Challenge: Unwinding

A second issue that arises from the differences between a native machine model and that of PBL is unwinding. In JIT code, where we have complete control over emitted instructions, the call stack is just a convention and we are free to skip over frames and jump to any code location we please. The exception unwinder uses this to great effect: when an exception is thrown, the runtime walks the stack and looks for any appropriate handler. This might be several call-frames up the stack. When one is found, it sets the stack pointer and frame pointer to within that frame -- effectively popping all deeper frames in one action -- and jumps directly to the appropriate program counter in that handler's frame. Unfortunately, this is not possible to do directly in portable C++ code.6

Instead, starting from the invariant that one C++ frame in the PBL interpreter function "owns" one (or more as an optimization -- see below) baseline frames, we implement a linear-time unwinding scheme: each C++ interpreter invocation remembers its "entry frame"; when unwinding, after an exception or otherwise, we compare the new frame-pointer value to this entry frame; if "above" (higher in address, for a downward-growing stack), we return from the interpreter function with a special code indicating an unwind is happening. The caller instance of the PBL interpreter function then performs the same logic, propagating upward until we reach the correct C++ frame. The following figure contrasts the native and PBL strategies:

Figure: native baseline and PBL unwinding

Thus, we do not have the same asymptotic O(1) unwind-efficiency guarantee that native baseline execution does, but we remain completely portable, able to execute anywhere that standard C++ runs.

Challenge: VM exits

A third issue that often arose was that of emulating VM exits. On the native baseline platform, when JIT code is executing, the stack is "under construction", in a sense: the innermost frame is not complete (there is no footer descriptor word) and is not reachable from the VM data structures. JIT code can call back into the runtime only via a carefully-controlled "VM exit" mechanism, which pushes a special kind of "exit frame", records the end of the series of contiguous JIT frames (the "JIT activation"), and then invokes C++ code:


# JIT code:

  ...
  push arg2
  push arg1                # trampoline
  call VMHelper  ----->    push exit frame
                           cx->exitFP = fp
                           call VMHelperImpl    ----->  walkStack(cx->exitFP)
                                                        doStuff(cx)
                           pop exit frame       <-----  ret
  ...            <-----    ret

which results in a stack layout that looks like:

Figure: the baseline stack after a proper VM exit

While executing within the C++ PBL interpreter function, it is very tempting to simply call into the rest of the runtime as required. This results in a stack that looks like the below, and unfortunately breaks in all sorts of exciting and subtle ways: it may appear to work, but frames are missing and GC roots are not updated after a moving GC; or if the dangling exit FP is not null, an entirely bogus set of stack frames may be traced. Either way, various impossible-to-find bugs arise.

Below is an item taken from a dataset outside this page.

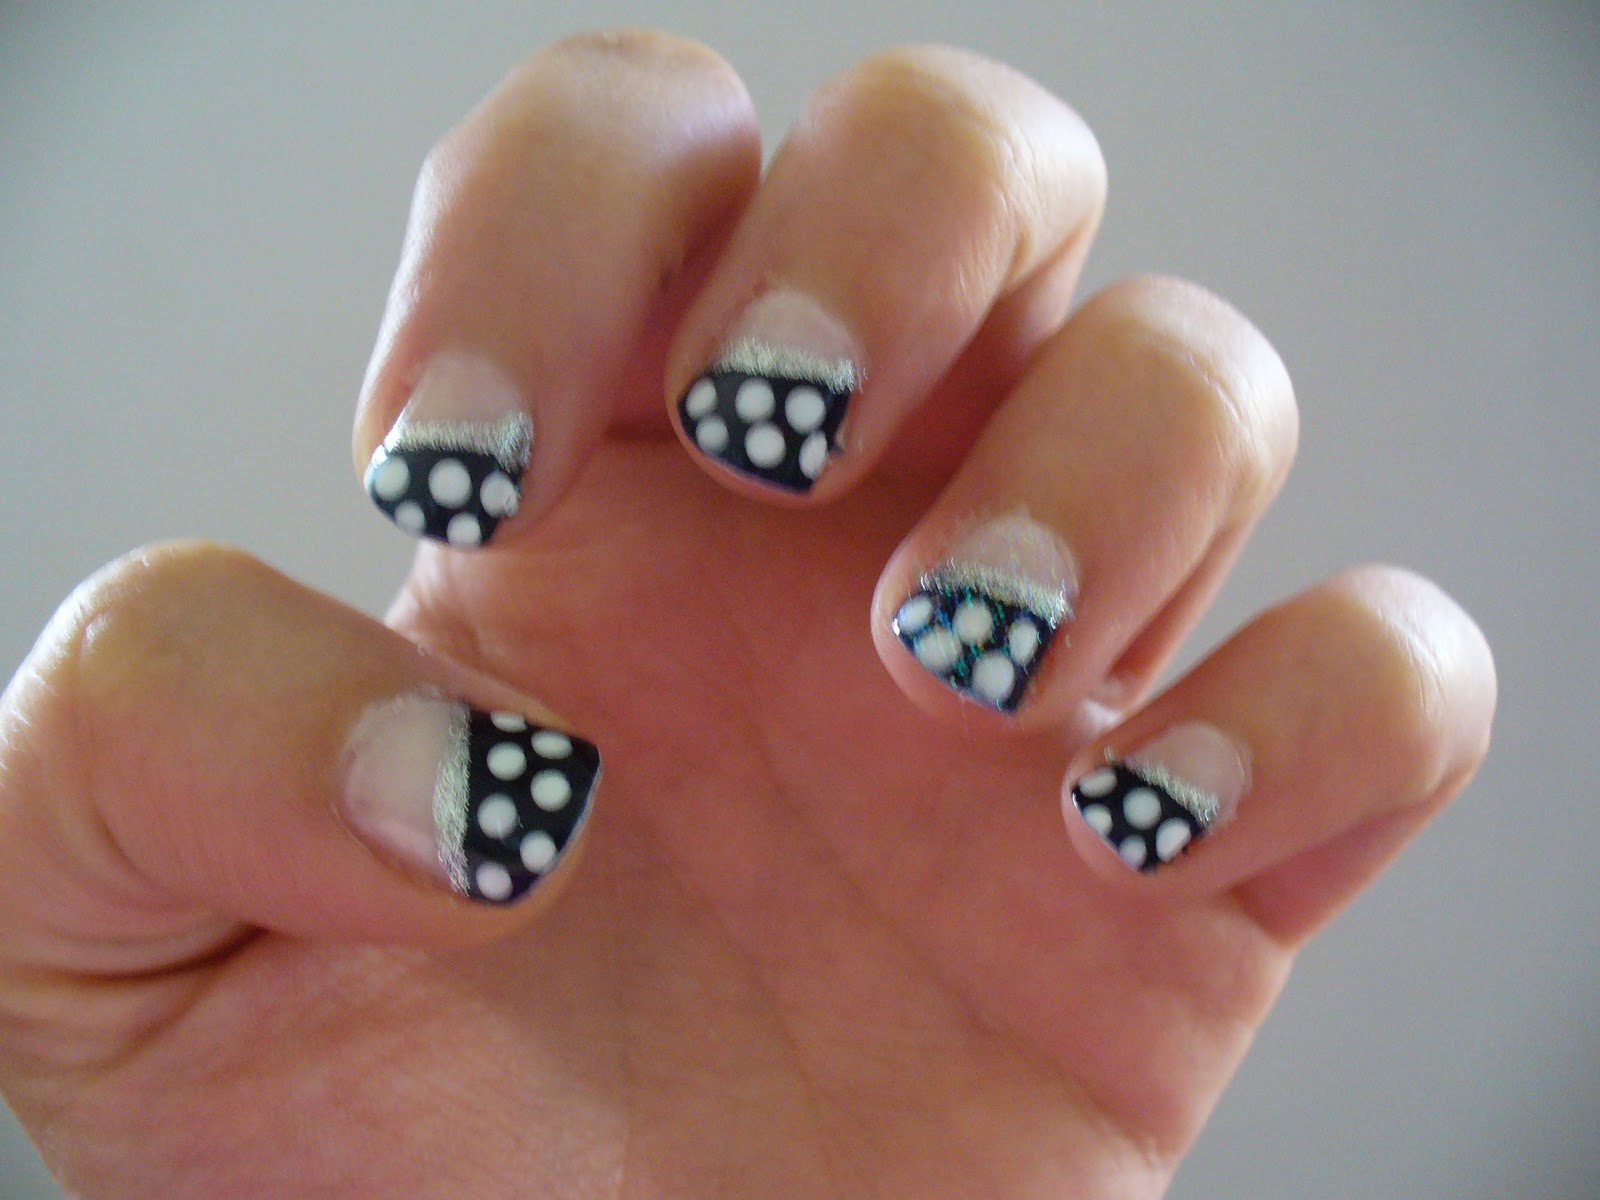 1. Easy Nail Art Designs Using Toothpicks - wide 9

Figure: the baseline stack after calling into the runtime without a proper VM exit

PBL thus requires extreme discipline in separating "JIT-code mode" (or its emulation, in a portable C++ interpreter) and "runtime mode". To make this distinction clearer, I designed a type-enforced mechanism that leverages an important idiom in SpiderMonkey: every function that might perform a GC or otherwise introspect overall VM state will take a JSContext parameter. In the PBL interpreter function, we hide the JSContext (rename the local and set it to nullptr normally). We then have a helper RAII class that pushes an exit frame and does everything that a "VM exit" trampoline would do, then behaves as a restricted-scope local that implicitly converts to the true JSContext. This looks like the below:

  CASE(Opcode) {
    Value arg0 = POP().asValue();  // POP() is a macro that uses the `sp` local.
    Value arg1 = POP().asValue();
    // here, `sp` is the top-of-stack for our in-progress frame in our
    // in-progress activation. We are "in JIT code" from the engine's
    // perspective, even though this is still C++.
    
    {
      // This macro completes the activation and creates a `cx` local
      // that gives us the JSContext* for use.
      PUSH_EXIT_FRAME(); 
      
      if (!DoEngineThings(cx, arg0, arg1)) {
        goto error;
      }
      
    } // pops the exit frame.
    
    // ...
  }

This idiom works fairly well in practice and statically prevents us from making most kinds of stack-frame-related mistakes.

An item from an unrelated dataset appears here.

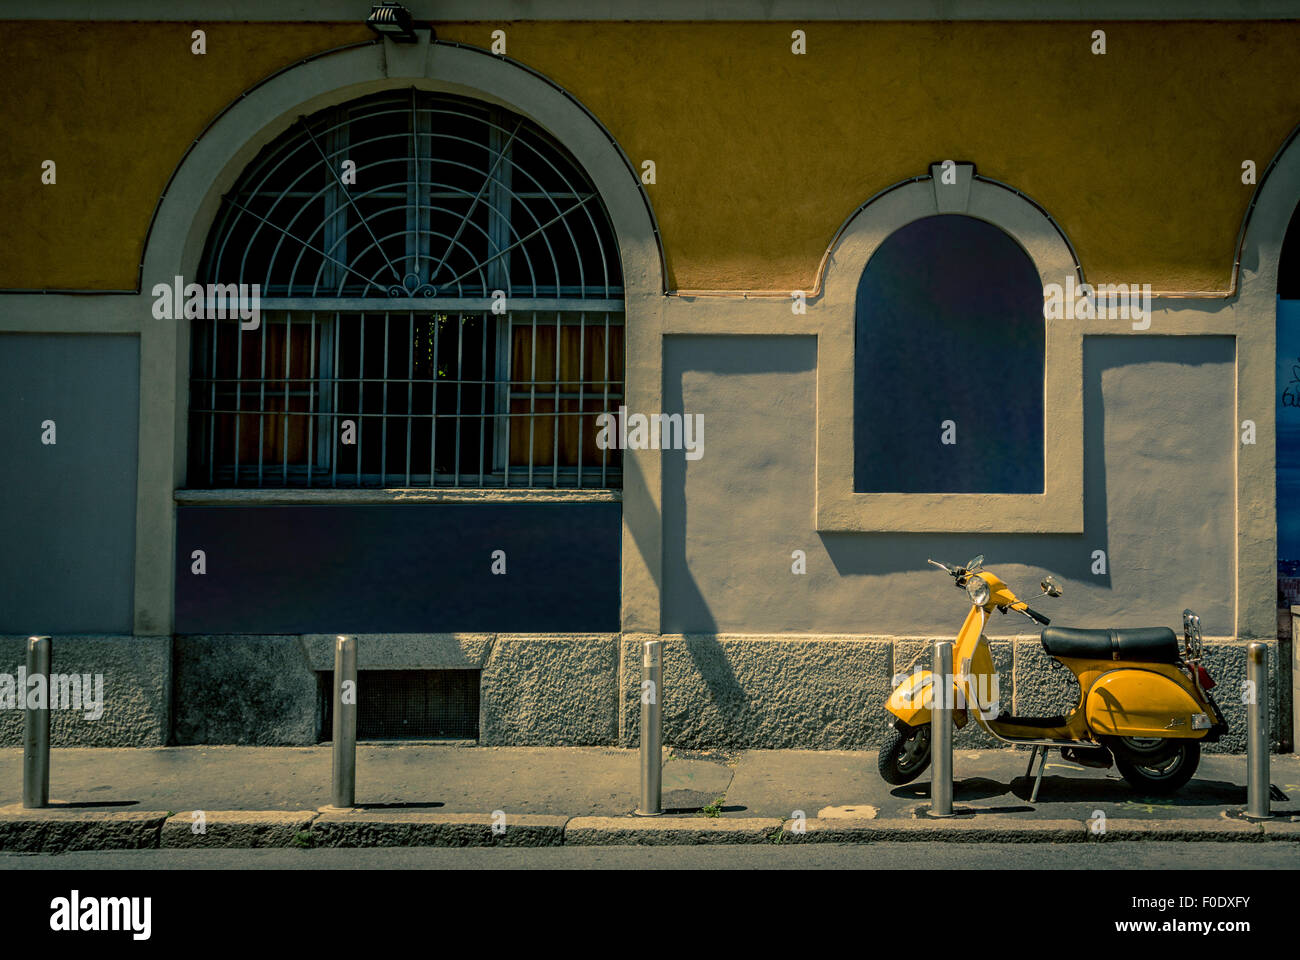 Yellow scooter parked outside a canalside restaurant, Naviglio region of Milan Stock Photo

Optimization: Avoiding Function-Call Overhead

At this point, we have introduced techniques to enable PBL to run correctly; we now have a functioning JavaScript interpreter that can invoke ICs. (Take a breath and celebrate!) Unfortunately, I arrived at this point and found that performance still lagged behind that of the generic interpreter. How could this be, when ICs directly encode fast-paths and allow us to short-circuit expensive runtime calls?

The first realization came after profiling both a native build of PBL, and especially a Wasm build: C++ function calls can be expensive. The basic PBL design consisted of a JS interpreter that invoked the IC interpreter for every opcode with an IC -- a majority of them, in most programs (all numeric operators, property accesses, function calls, and so on!). Thus function calls are extremely frequent. Their high cost is for a few basic reasons:

  • When the interpreter function is large and has a lot of context (live variables), register pressure is high; when the called function is similar, we effectively have a full "context switch" (save all register values and use for new variables) on every call/return.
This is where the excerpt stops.